Au rayon des positions au football qui passent le plus inaperçues la grande majorité du temps, celle de spécialiste des longues remises est difficile à battre!

Pourtant, cette semaine, je vous propose un clin d'oeil au Québécois Louis-Phillippe Ladouceur, dont ce sera le 251e match dans la NFL dimanche, face aux 49ers de San Francisco, ce qui représente une nouvelle marque pour un joueur canadien (la marque précédente appartenait à Eddie Murray depuis deux décennies). En termes de longévité, Ladouceur se démarque et pas à peu près, alors qu'il en est présentement à sa 16e saison dans l'organisation des Cowboys de Dallas.

Généralement, lorsqu'un « long snapper » est le sujet de discussion au football, c'est qu'il a commis une bourde monumentale sur un jeu crucial. Ça réflète d'ailleurs la réalité très cruelle de ce job. Lorsque tu demeures dans l'anonymat, c'est probablement parce que tu accomplis ton boulot à la perfection.
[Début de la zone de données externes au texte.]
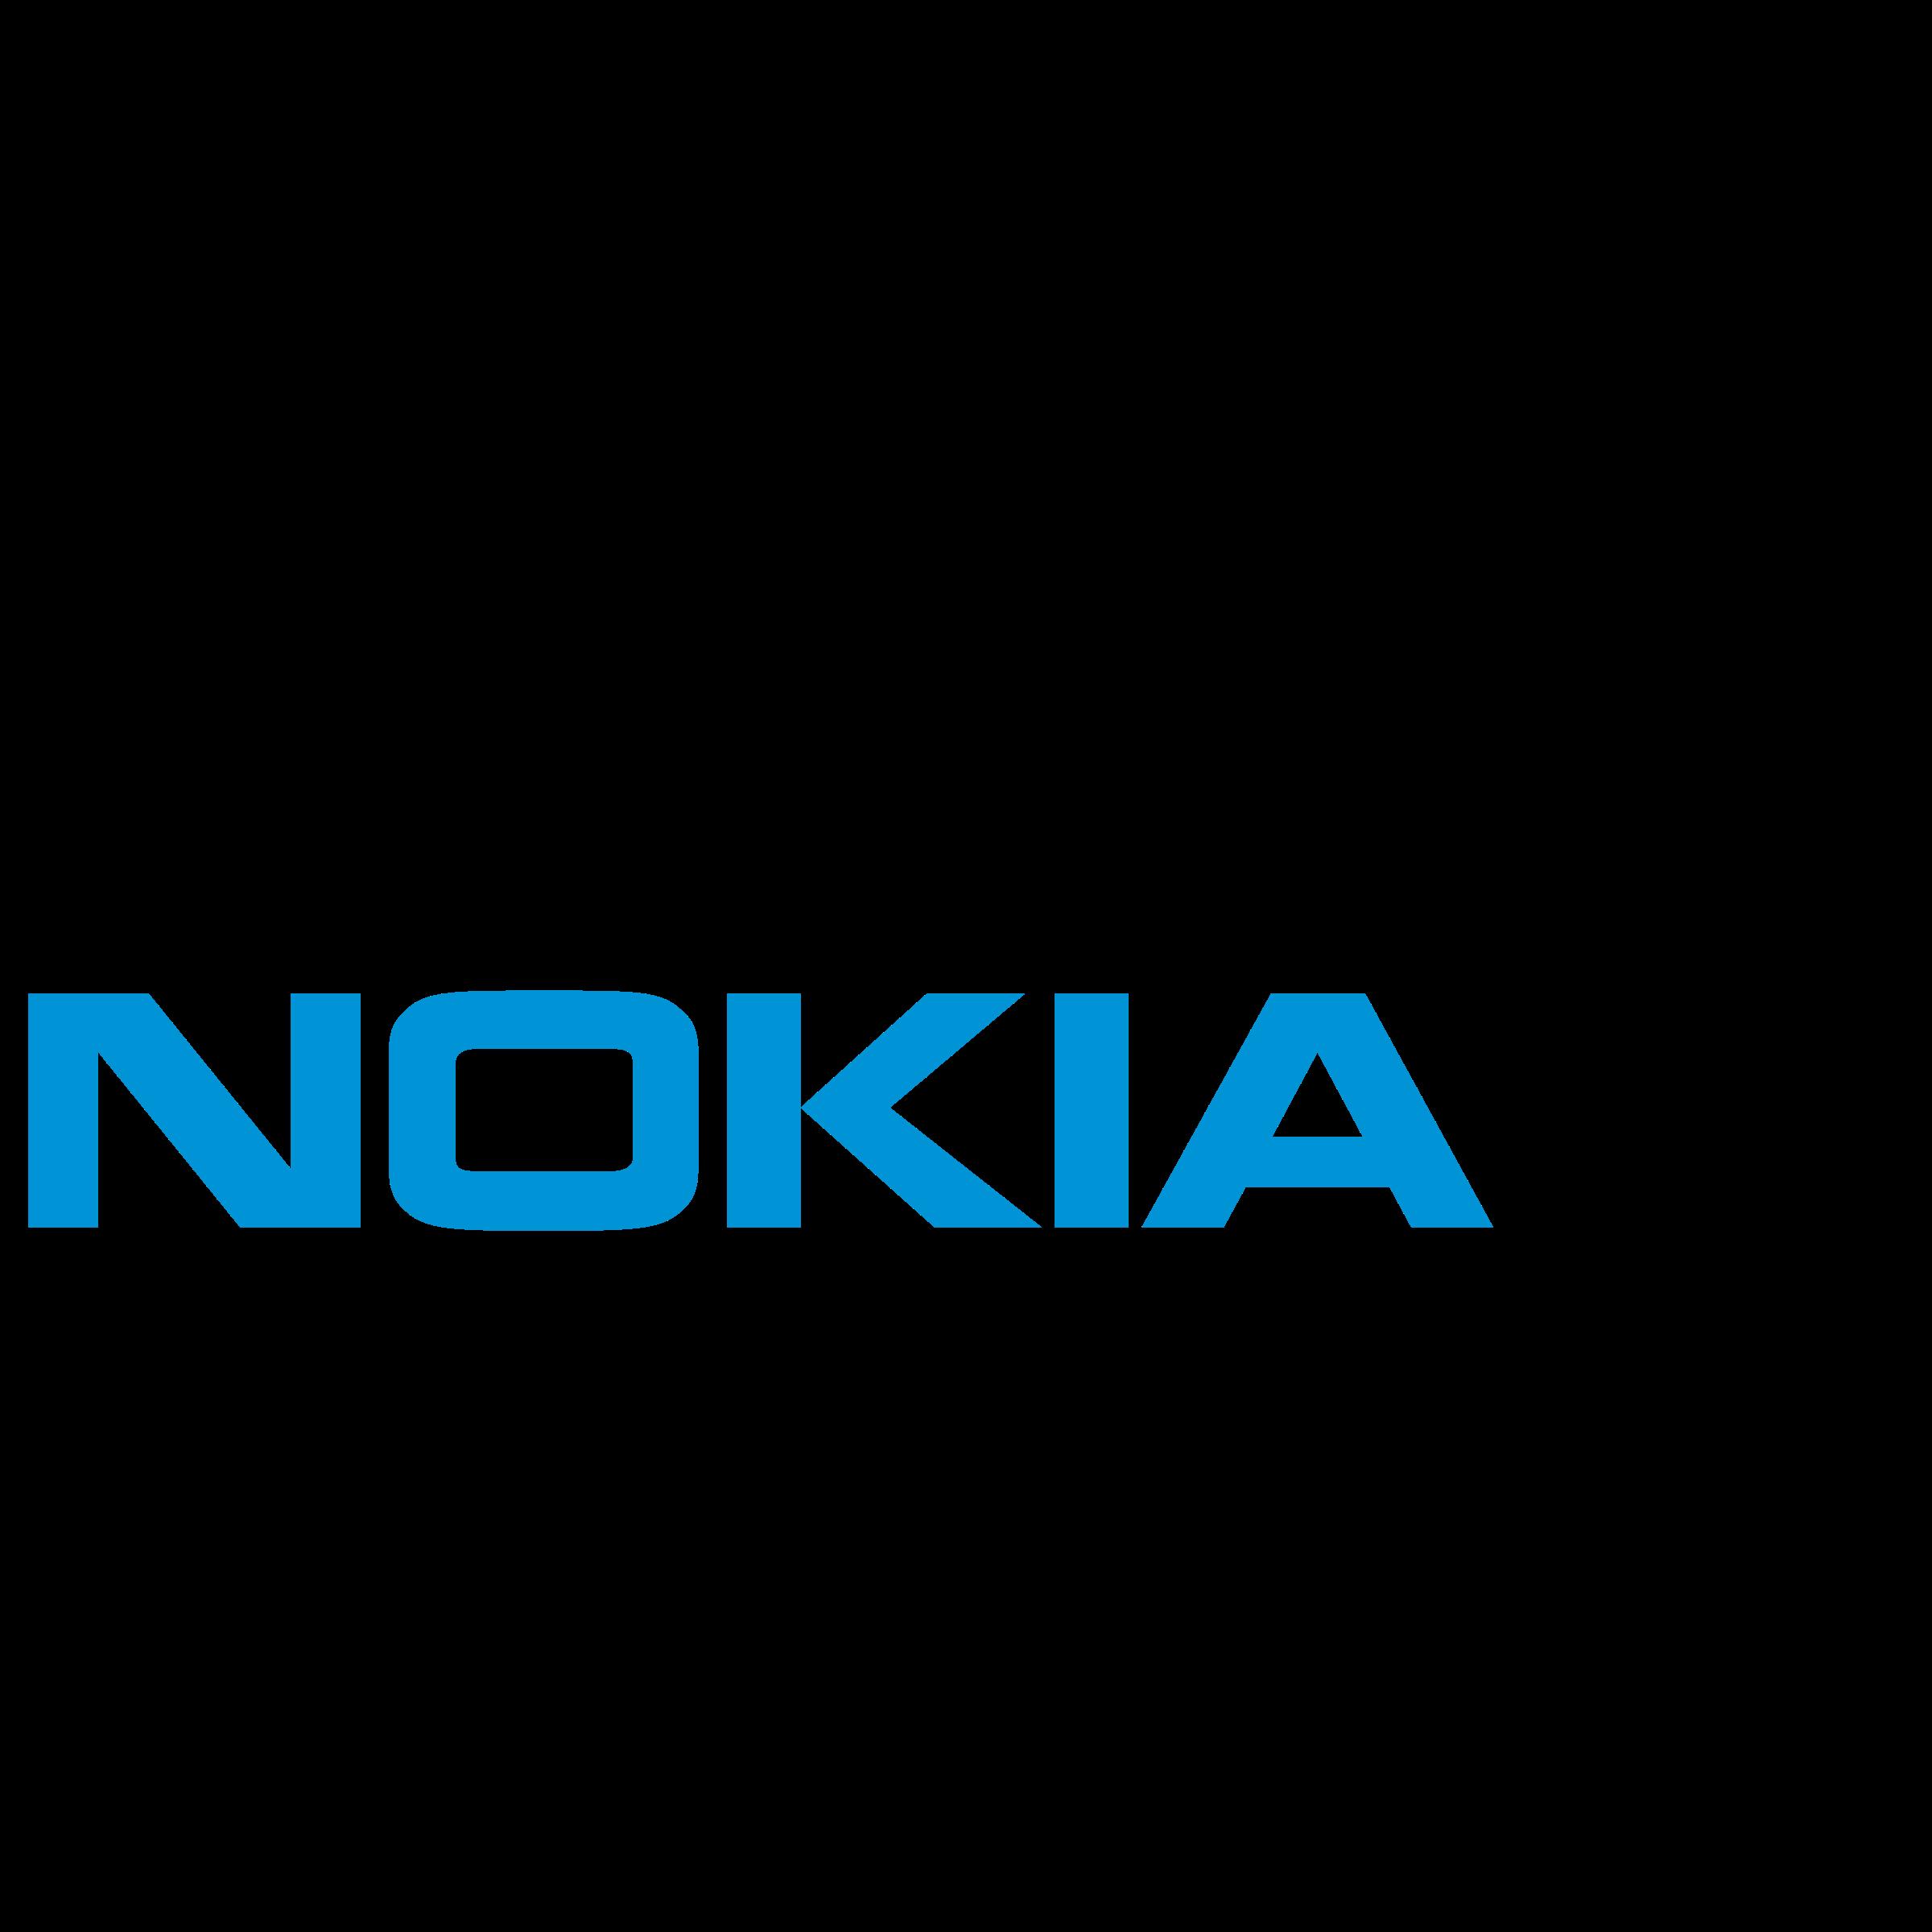 Nokia Logo PNG Transparent
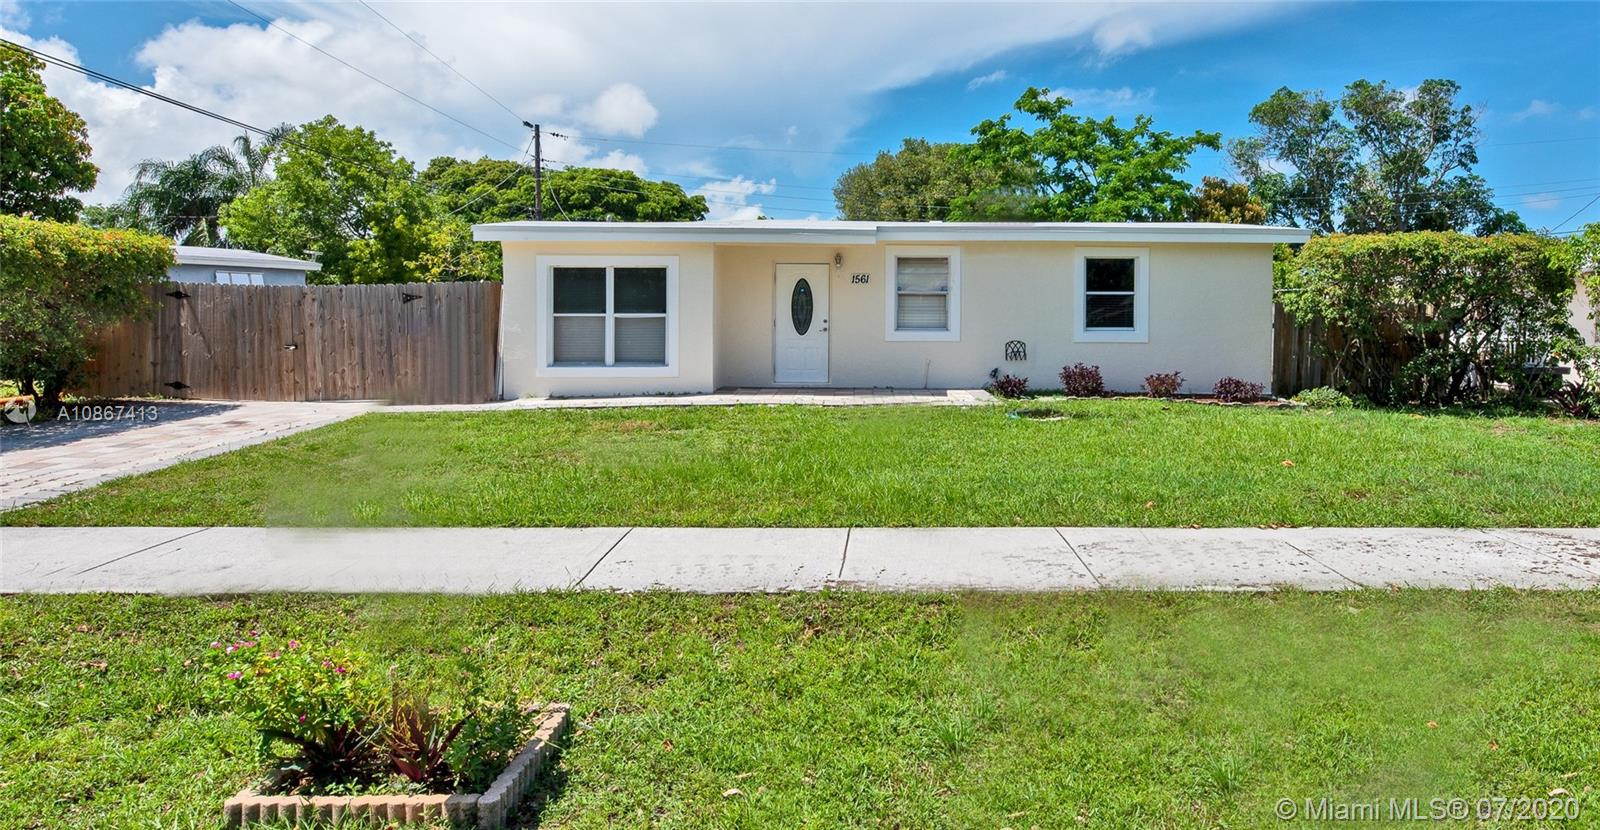 1561 NE 47th Ct Property Photo - Pompano Beach, FL real estate listing

C'est le genre de position ingrate qui s'accompagne du traditionnel « Tu n'as qu'une tâche à faire, assure-toi donc qu'elle est bien faite! » Et pourtant, ce n'est vraiment pas une mince affaire que d'appartenir à la classe des meilleurs spécialistes des longues remises. Ça prend une variété de qualités auxquelles l'amateur de football moyen n'aurait peut-être pas réfléchi. C'est un job que j'oserais qualifier d'essentiel. Ce ne sont que 8 à 12 jeux par match auxquels participe ce spécialiste, mais chacun des gestes revêt son importance.

Heureusement, dans le cas qui nous intéresse, on veut surtout célébrer le parcours de Ladouceur dans le football, lui qui n'a à peu près jamais gaffé depuis qu'il a fait son entrée avec les Cowboys en 2005. On parle ici d'un athlète ayant fait ses études collégiales à John-Abbott., et qui oeuvre à sa position aussi bien que n'importe qui dans la longue histoire de la ligue.

J'ai calculé que depuis la semaine no 4 en 2005, soit son premier match dans la NFL, Ladouceur totalise 2228 remises consécutives considérées « propres », soit des remises qui ont permis au botteur (et au teneur, quand il s'agit d'un botté de précision) de s'exécuter sans affecter de quelconque manière que ce soit leur efficacité. Ça commence à faire beaucoup de remises!

Avec le recul, on comprend pourquoi Ladouceur avait impressionné Bill Parcells, qui était l'entraîneur-chef des Cowboys à son année recrue. Il est tombé en amour dès le premier entraînement du jeune Québécois, et ce fut le début d'une association aussi longue que productive.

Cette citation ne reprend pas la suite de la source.